1. Field of the Invention
The present invention relates to a PIN type semiconductor photoelectric conversion device using a non-single-crystal semiconductor.
2. Description of the Prior Art
Heretofore there has been proposed a PIN type semiconductor photoelectric conversion device using a non-single-crystal semiconductor.
The PIN type semiconductor photoelectric conversion device comprises a laminated member having a first non-single-crystal semiconductor layer of a first conductivity type (P or N conductivity type), an I-type second non-single-crystal semiconductor layer and a third non-single-crystal semiconductor layer of a second conductivity type reverse from the first conductivity type (that is, N-type when the first non-single-crystal semiconductor layer is P-type, or P-type when the latter is N-type), and first and second electrodes making ohmic contact with the first and third non-single-crystal semiconductor layers, respectively.
When irradiated by light on the side of the first non-single-crystal semiconductor layer of the laminated member, such a PIN type semiconductor photoelectric conversion device performs a photoelectric conversion through the following mechanism. That is to say, the incident light passes through the first non-single-crystal semiconductor layer to reach the second non-single-crystal semiconductor layer, wherein it is absorbed. In consequence, carriers (electron-holes pairs) are created in the second non-single-crystal semiconductor layer. The carriers migrate into the first and third non-single-crystal semiconductor layers and then reach the first and second electrodes. Accordingly, a current corresponding to the intensity of the incident light is supplied to a load connected across the first and second electrodes.
In such a PIN type semiconductor photoelectric conversion device, as described above, incident light passes through the first non-single-crystal semiconductor layer to reach the second non-single-crystal semiconductor layer, wherein it is absorbed to create carriers therein.
However, all the light incident on the second non-single-crystal semiconductor layer through the first non-single-crystal semiconductor layer is not always absorbed by the second non-single-crystal semiconductor layer but a portion of the incident light passes through the third non-single-crystal semiconductor layer towards the second electrode.
IN the PIN type semiconductor photoelectric conversion device of the conventional structure described above, the second electrode does not reflect light but, if it does, it has only a small reflection coefficient.

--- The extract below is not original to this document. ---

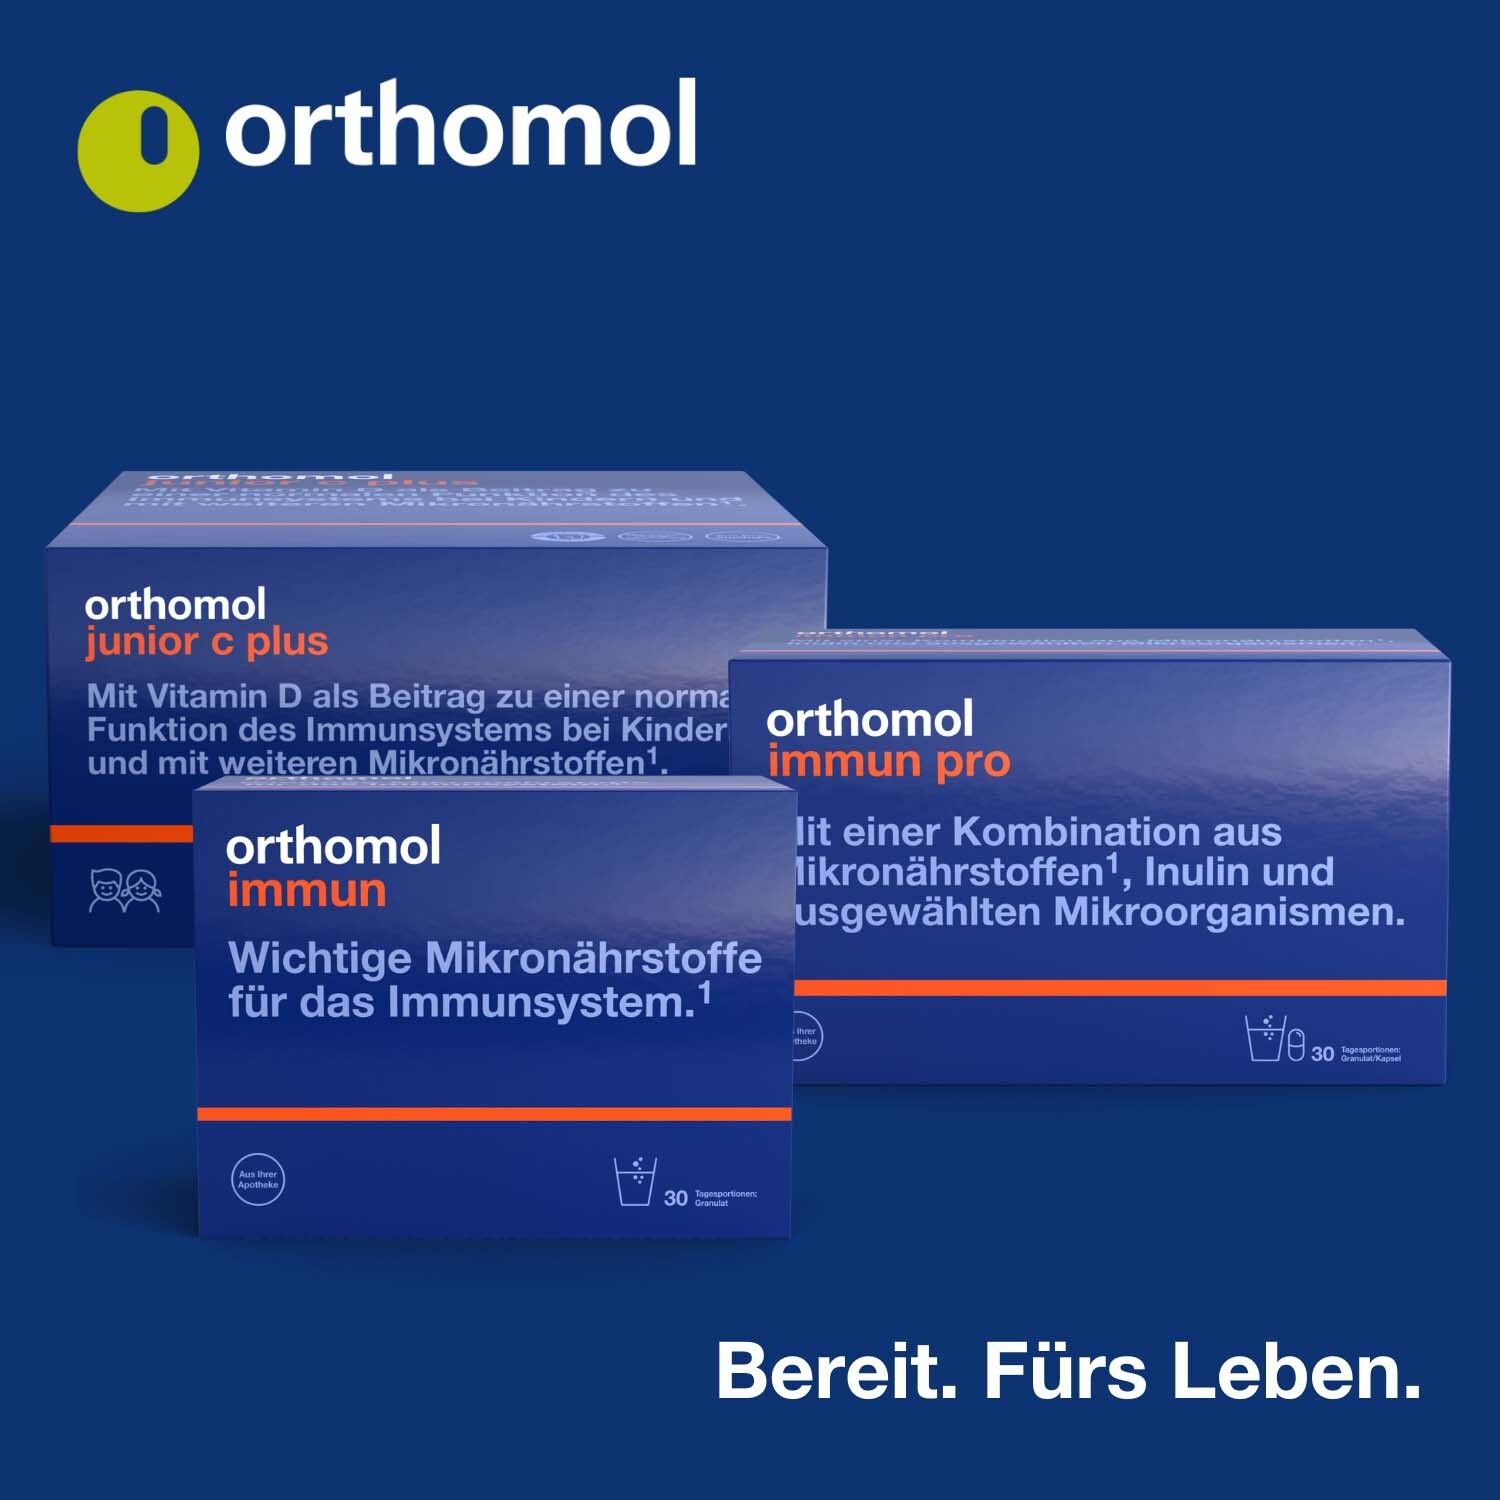 Orthomol Vitamin C depo - Nahrungsergänzungsmittel mit Depot-Wirkung für eine normale Funktion des Immunsystems - Tabletten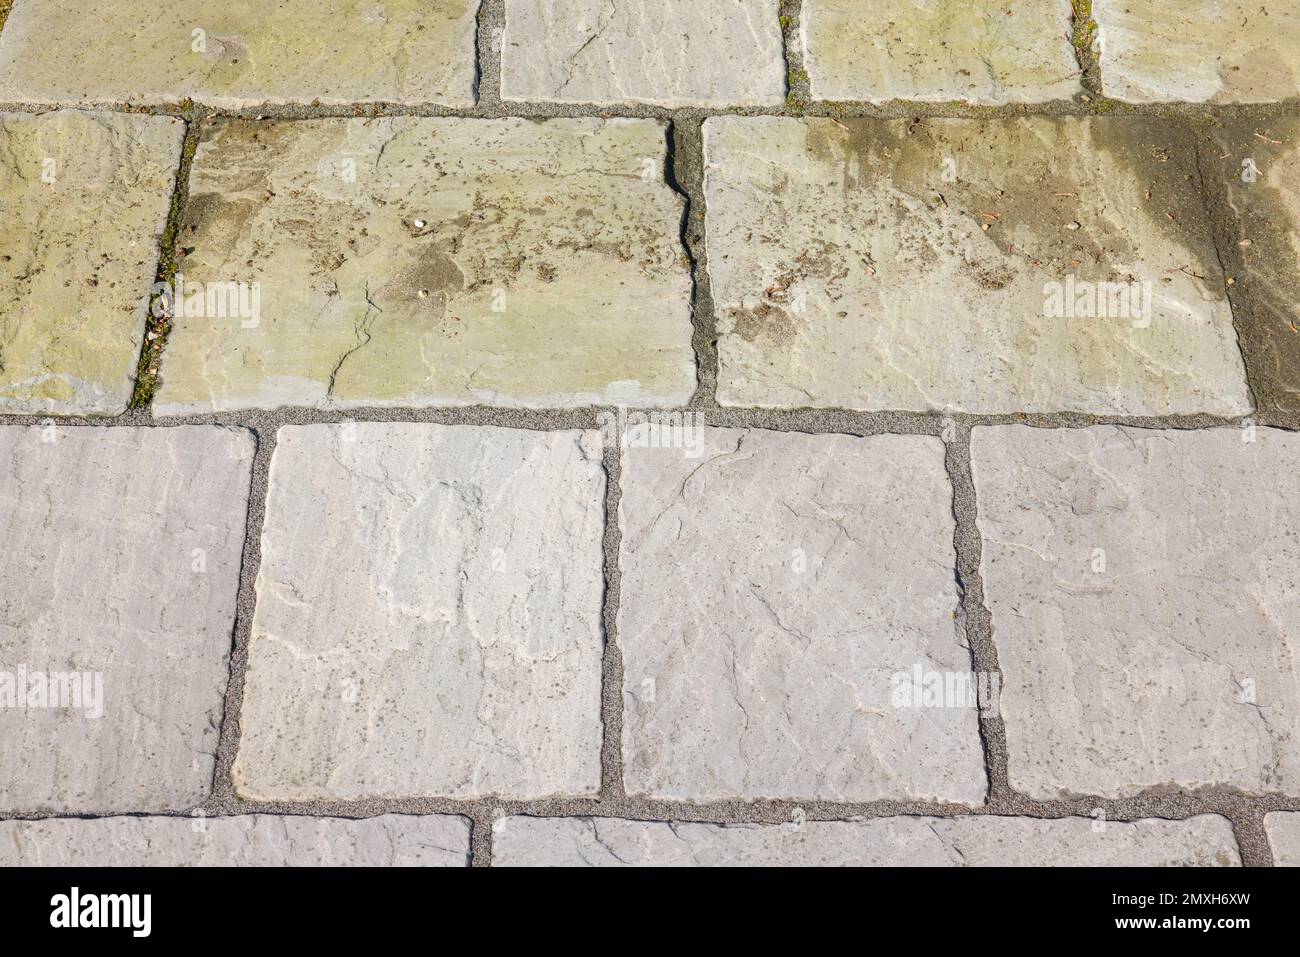 Reinigung der Gartenterrasse. Sandsteinpflaster vor und nach dem Waschen mit dem Hochdruckreiniger, UK. Stockfoto

On account of this, in the prior art PIN type semiconductor photoelectric conversion device, that portion of the incident light which passes through the third non-single-crystal semiconductor layer towards the second electrode is scarcely utilized for photoelectric conversion and is dissipated in the second electrode.
Therefore, the conventional PIN type semiconductor photoelectric conversion device possesses the defects of low utilization efficiency of incident light and hence low photoelectric conversion efficiency.
Furthermore, in the PIN type semiconductor photoelectric conversion device of the above-described structure, the carriers created in the second non-single-crystal semiconductor layer migrate into the first and third non-single-crystal semiconductor layers and thence to the first and second electrodes. It is therefore desired that the first and second electrodes make excellent ohmic contact with the first and third non-single-crystal semiconductor layers, respectively.
It is general practice, in the conventional PIN type semiconductor photoelectric convension device that when the first non-single-crystal semiconductor layer of the laminated member is a non-single-crystal semiconductor on the side of incidence of light, the first electrode is formed by a light transparent conductive layer and the second electrode is formed of metal.
However, the first and second electrodes in the conventional PIN type semiconductor photoelectric convension device are formed without regard to the impurities contained in the first and third non-single-crystal semiconductor layers for imparting thereto respective conductivity types.
On account of this, the ohmic contact between the first electrode and the first non-single-crystal semiconductor layer and between the second electrode and the third non-single-crystal semiconductor layer is not very good in the conventional PIN type semiconductor photoelectric convension device.
Accordingly, the prior art PIN type semiconductor photoelectric conversion device has the defect of low photoelectric conversion efficiency in this regard also.